Democrats highlighted a recent Moody’s analysis that projects the GOP bill — when compared to a standalone bill to raise the debt ceiling — would slow the nation’s Gross Domestic Product and cost the economy 780,000 jobs by the end of next year.

“(The Limit, Save, Grow Act) entails significant cuts to government spending beginning in fiscal year 2024, which begins at the end of this year, right at the point in time when the economy is going to be most vulnerable to going into recession. By my calculation, the act will shave spending equal to about a half a percent of GDP in 2024. And that’s a half a percent that the economy does not have,” Zandi told the panel.

Ranking member Chuck Grassley of Iowa maintained that House Republicans “have acted responsibly” in passing their bill to address the debt limit and spending together.

“In contrast, President Biden and Biden Senate Democrats have sat idly by watching the clock get down to default by not thoughtfully engaging. They hope to avoid a substantive debate on a very serious fiscal issue,” Grassley said Thursday.

Minority Leader Mitch McConnell has so far stayed on the sidelines of the debate, reiterating this week that there is “no solution in the Senate.”

“The only solution is for presidential leadership. President Biden has been sleepwalking towards this crisis,” the Kentucky Republican said on the floor Wednesday. 

The White House meanwhile has been hammering the talking points this week that McCarthy’s deal will threaten health care for 21 million Americans, potentially cut veterans’ benefits and pull 2,000 Customs and Border Patrol agents off the job.

“This President has not backed away. The problem is who you value in this country. Is it a special interest, or do you want to save (money) on the backs of people who can least afford it?” said Shalanda Young, director of the Office of Management and Budget, at the White House press briefing Thursday. 

Finding a new path

Witnesses testifying before Thursday’s Senate panel also called for Congress to find an altogether new path for fiscal negotiations rather than repeating down-to-the-wire politically fraught fights each time the U.S. edges toward a fiscal cliff.

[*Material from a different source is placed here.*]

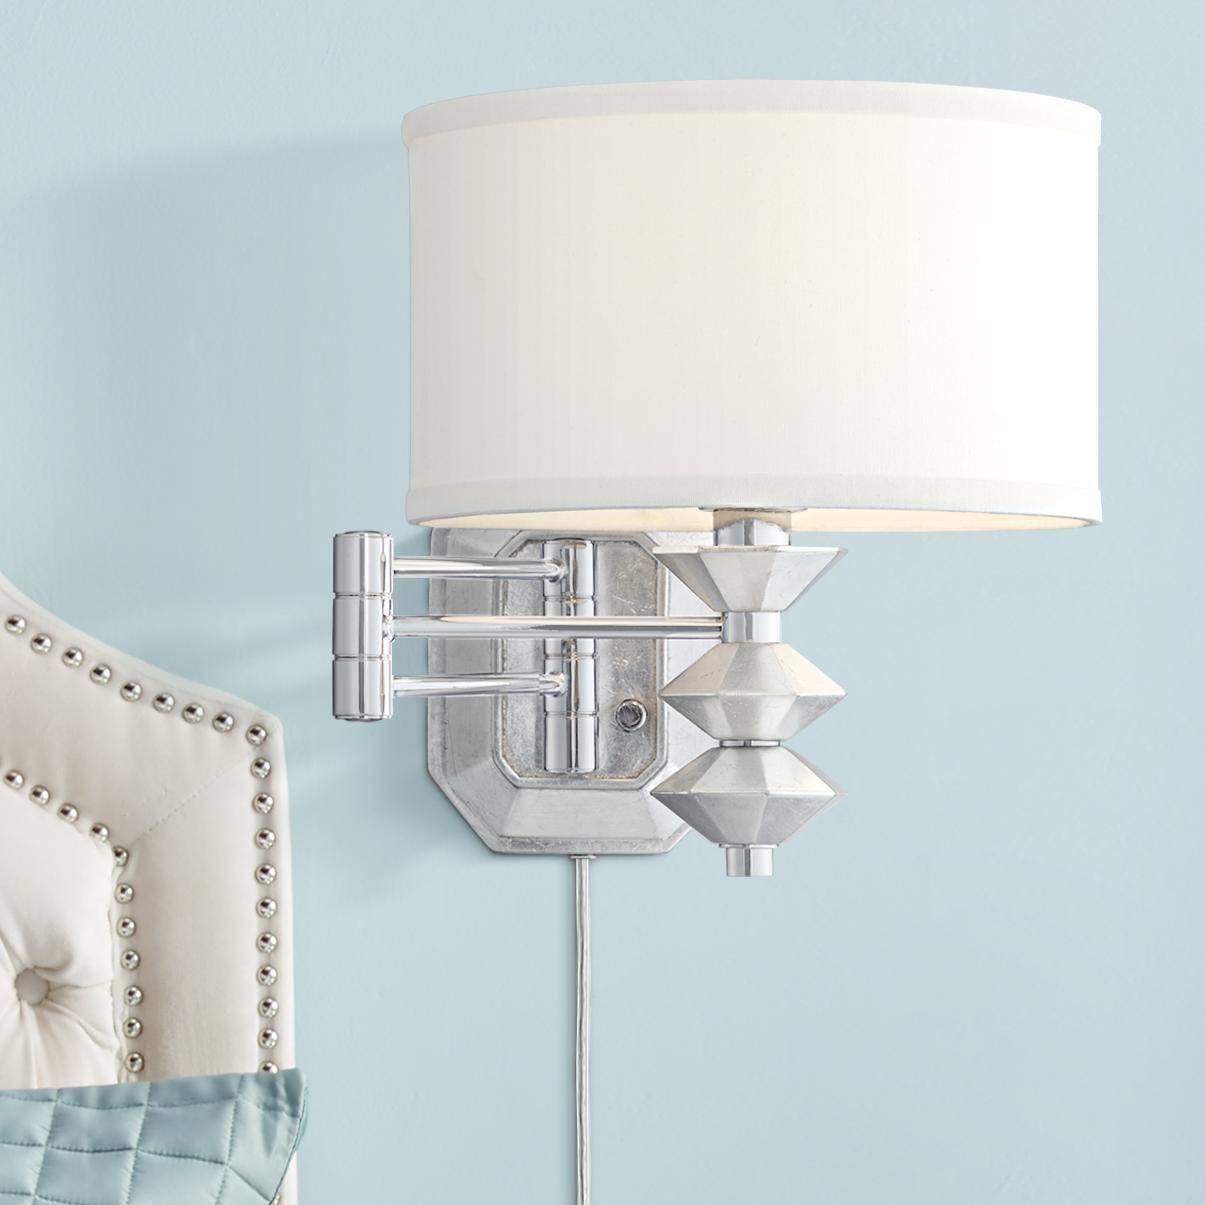 Wall Lamps Possini Euro Currie Chrome Swing Arm Wall Lamp In 2020 Swing Arm Wall Lamps Wall Lamp Wall Lamp Design

“It is critically important for the U.S. to avoid future debt ceiling brinkmanship,” said Jason Fitchner, the Bipartisan Policy Center’s vice president and chief economist.

The organization suggests a framework going forward to align the debt limit with the annual budget process along with an off-ramp to trigger a debt ceiling suspension if the U.S. comes within 60 days of reaching its statutory borrowing limit.

Congress has approved 102 separate adjustments to the debt ceiling since the end of World War II. 

The body raised the debt ceiling three times under the Trump administration. Under Biden in December 2021, Congress increased the debt limit by $2.5 trillion to $31.38 trillion. 

The U.S. hit its borrowing limit on Jan. 19, triggering the Treasury Department to invoke “extraordinary measures,” or special accounting maneuvers, to continue paying the nation’s bills.

Adding to its budgeting maneuvers, the Treasury has begun suspending the issuance of State and Local Government Series securities — special securities offered to state and local governments that count against the debt ceiling. The maneuver was also used in the 2014 and 2015 debt ceiling debates as a way to delay the U.S. from reaching its borrowing limit.